Tenor was initially launched as a way to search for GIFs both on desktop and on mobile. On mobile, it allowed users to quickly and easily search for GIFs straight from their keyboard. According to Tenor, a massive 300 million Tenor users search for GIFs 12 billion times every month, and its partners include the likes of WhatsApp, Facebook, Twitter, and Google. It’s perhaps the scale of its service that attracted Google to buying it in the first place.

“With their deep library of content, Tenor surfaces the right GIFs in the moment so you can find the one that matches your mood.

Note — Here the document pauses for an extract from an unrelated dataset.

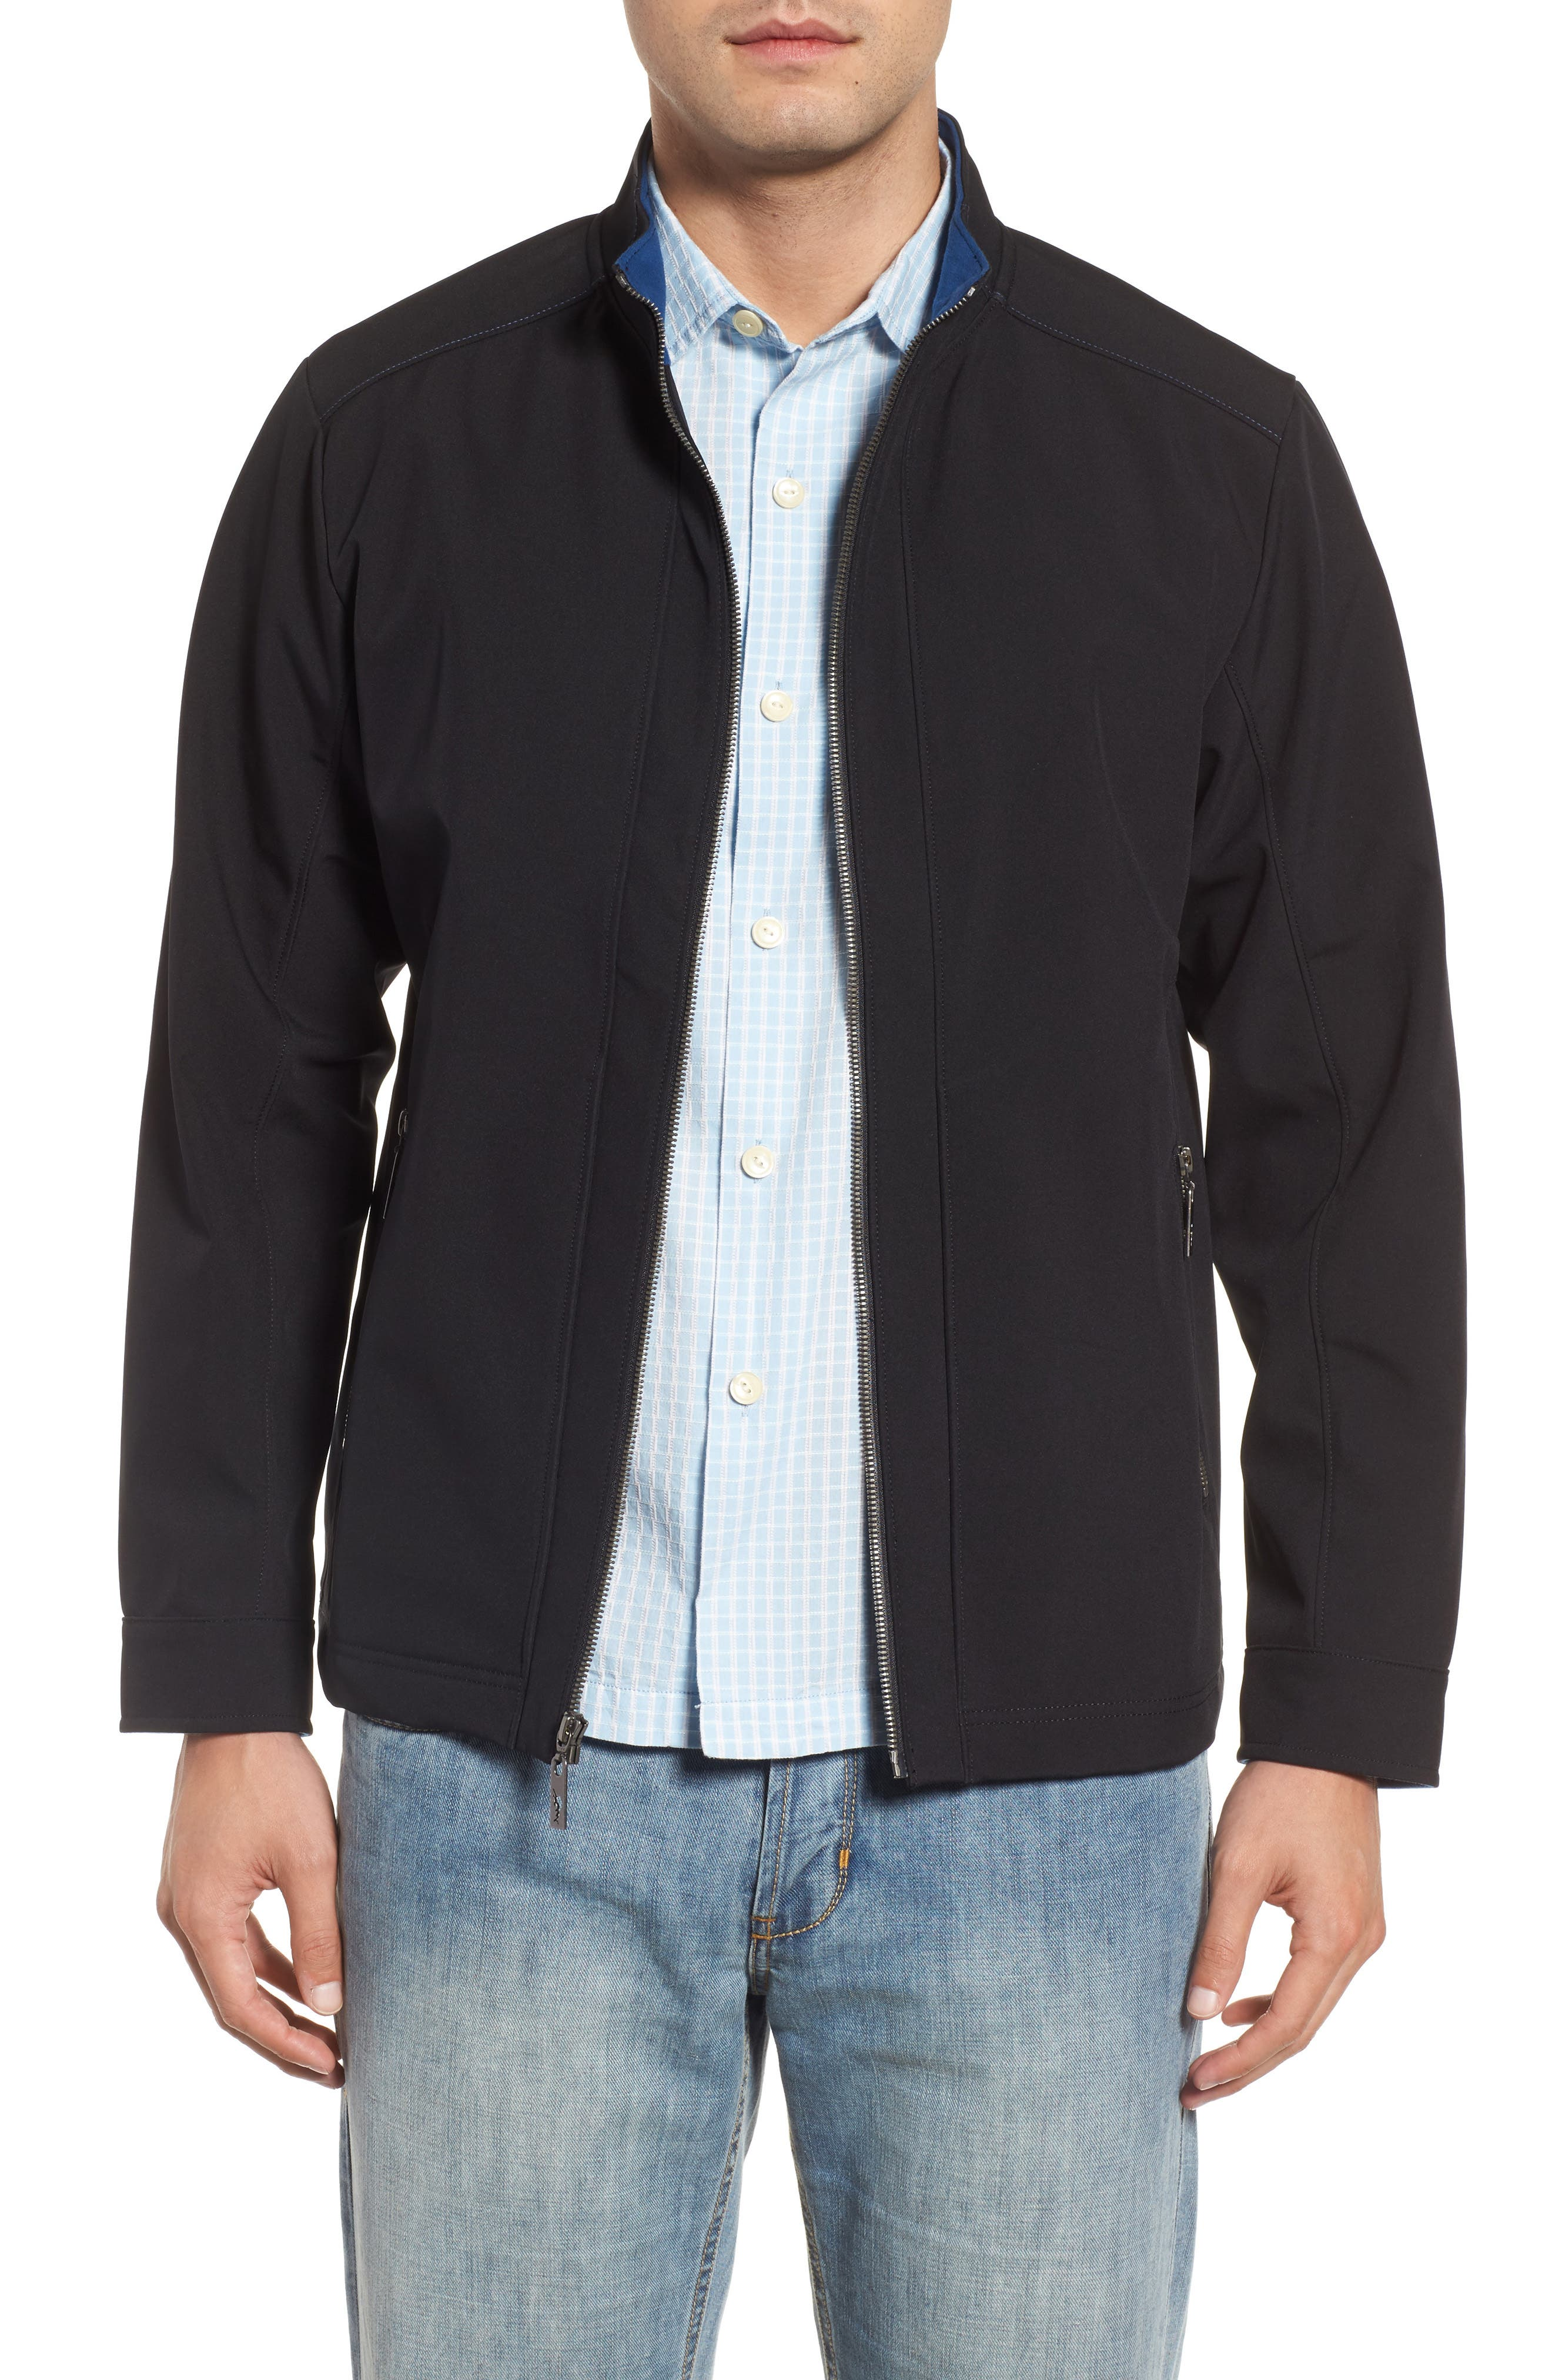 Main Image - Tommy Bahama Downswing Zip Jacket

Tenor will help us do this more effectively in Google Images as well as other products that use GIFs, like Gboard,” said Cathy Edwards, director of engineering for Google Images, in a blog post.

The company became known last year for monetizing the GIF-searching experience through sponsored GIFs, and a handful of high-profile brands, including Dunkin Donuts and Starbucks, all jumped on board the new way of advertising.

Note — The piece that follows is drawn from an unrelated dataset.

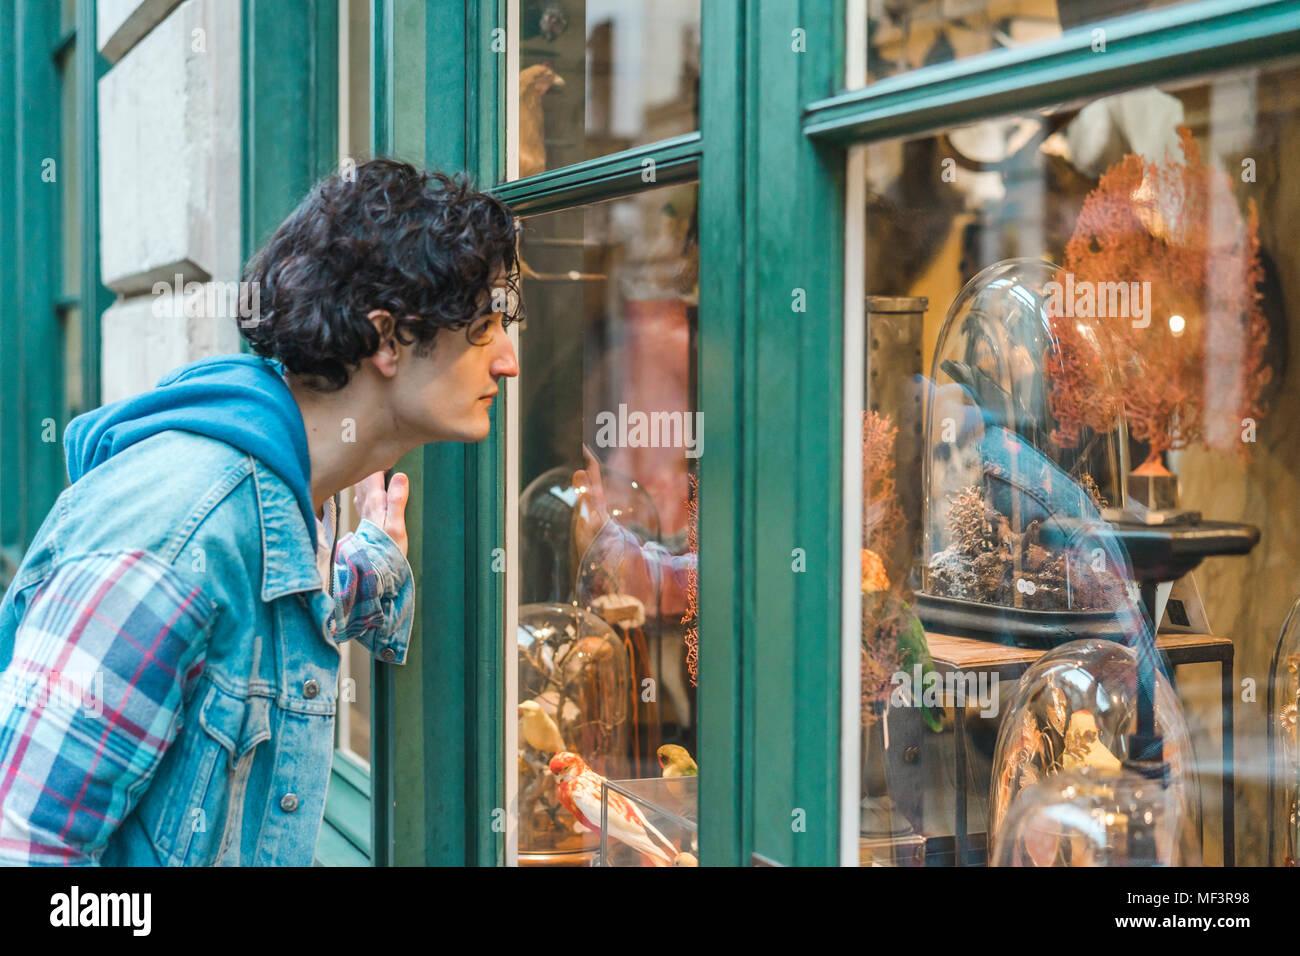 Retrato de joven mirando a través del cristal Imagen De Stock

“The acquisition will enable us to accelerate improvements to Tenor’s service for our users, API partners, content partners, and advertisers,” said Tenor CEO David McIntosh in a blog post. “Tenor will continue to operate as a separate brand to better serve you, and I will continue to lead the Tenor team alongside my co-founders Erick Hachenburg and Frank Nawabi.”

While Tenor will continue to operate as its own brand, it will be interesting to see if the Google acquisition affects its relationship with any other companies. For example, it wouldn’t be all that surprising for the likes of Apple to remove support for Tenor given that Tenor is now owned by what’s perhaps Apple’s biggest rival.

Tenor has generated a lot of interest over the past few years. The company previously raised as much as a whopping $32 million in venture funding, according to Crunchbase.